The DAB declined to accept this characterization of the Code as simply a statement of policy, and found instead that the Code, although not itself a statute, was enacted pursuant to an express delegation of statutory power granted to the Governing Council of the University pursuant to the University of Toronto Act, 1947 and the University of Toronto Act, 1971. The DAB found that the creation of the relevant standard or proof under the Code was a valid exercise of this statutory authority by the Governing Council and that it intended to create a standard of proof under the Code that is the ordinary civil standard of proof on a balance of probabilities.

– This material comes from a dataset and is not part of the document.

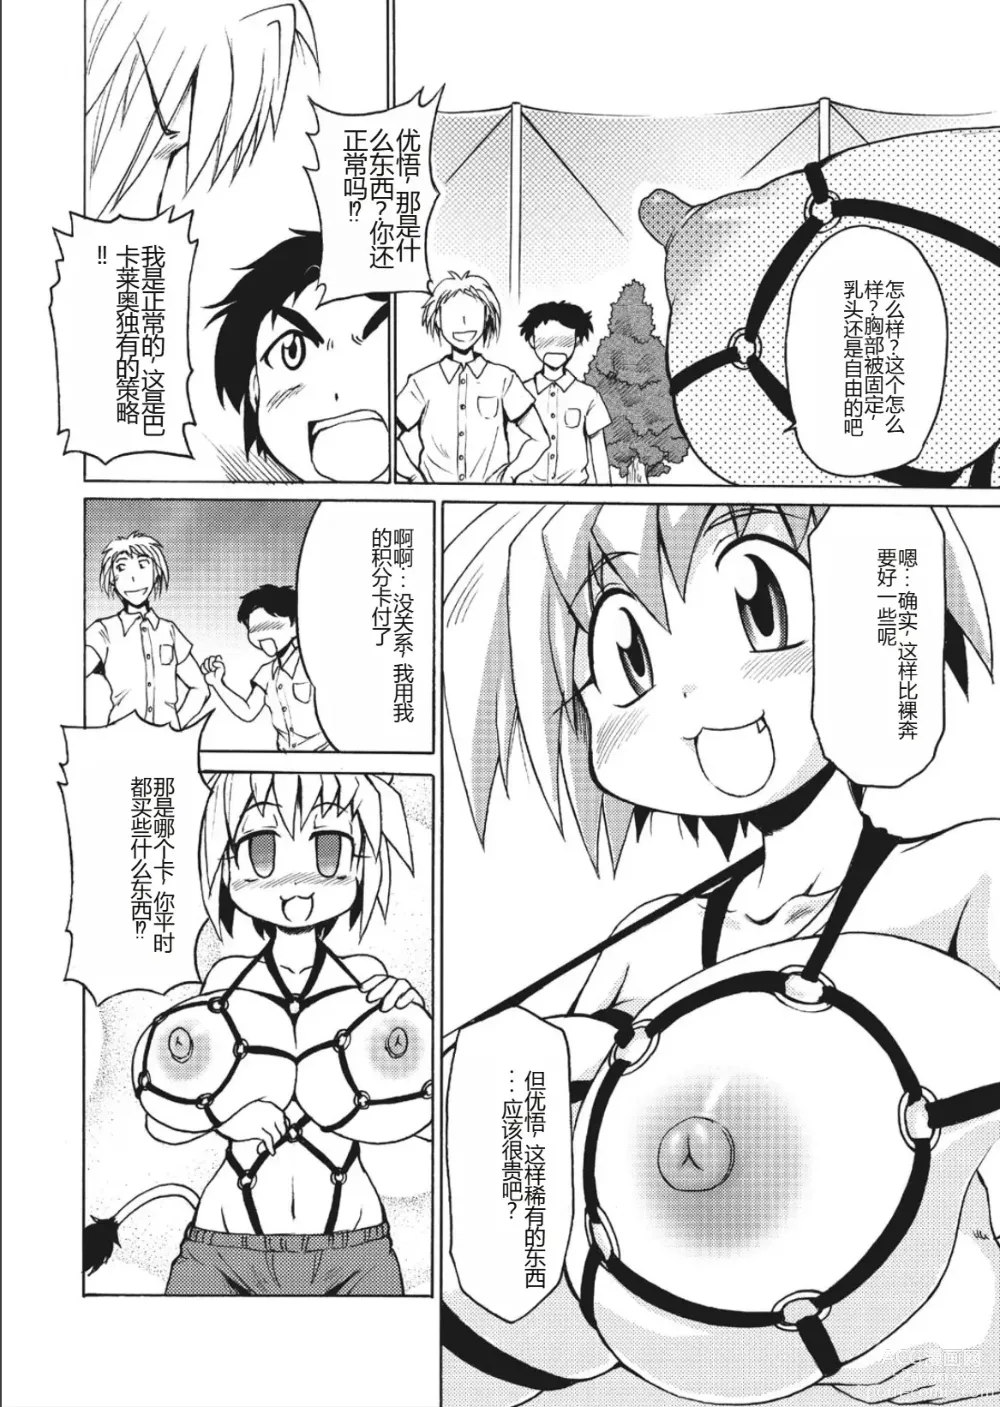 Page 26 of manga Lion Heart

In so doing, the DAB referred to a consistent and substantial body of Tribunal and DAB authority interpreting the standard of proof under the Code as the ordinary civil standard of proof on a balance of probabilities. The DAB found that the Penner decision did not overturn this line of authority because the wording employed in the Police Services Act is different than the wording employed in the Code. The DAB found that the words “clear and convincing evidence” as employed in the Codedescribe the kind of evidence required to prove, on a balance of probabilities, that the Student committed the offence. Finally, the DAB found that the absence of a reenactment of the Code in the face of Tribunal and DAB authority applying the civil standard of proof, indicates that the intention of the Governing Council was to adopt the civil standard of proof under the Code.
Upon dismissing the appeal, the DAB concluded that the result would not be any different if the Student was correct and the Tribunal should have applied a higher standard of proof because the Student failed to address the allegations raised by the first offence, and effectively admitted that he had received the disciplinary letter in its original form.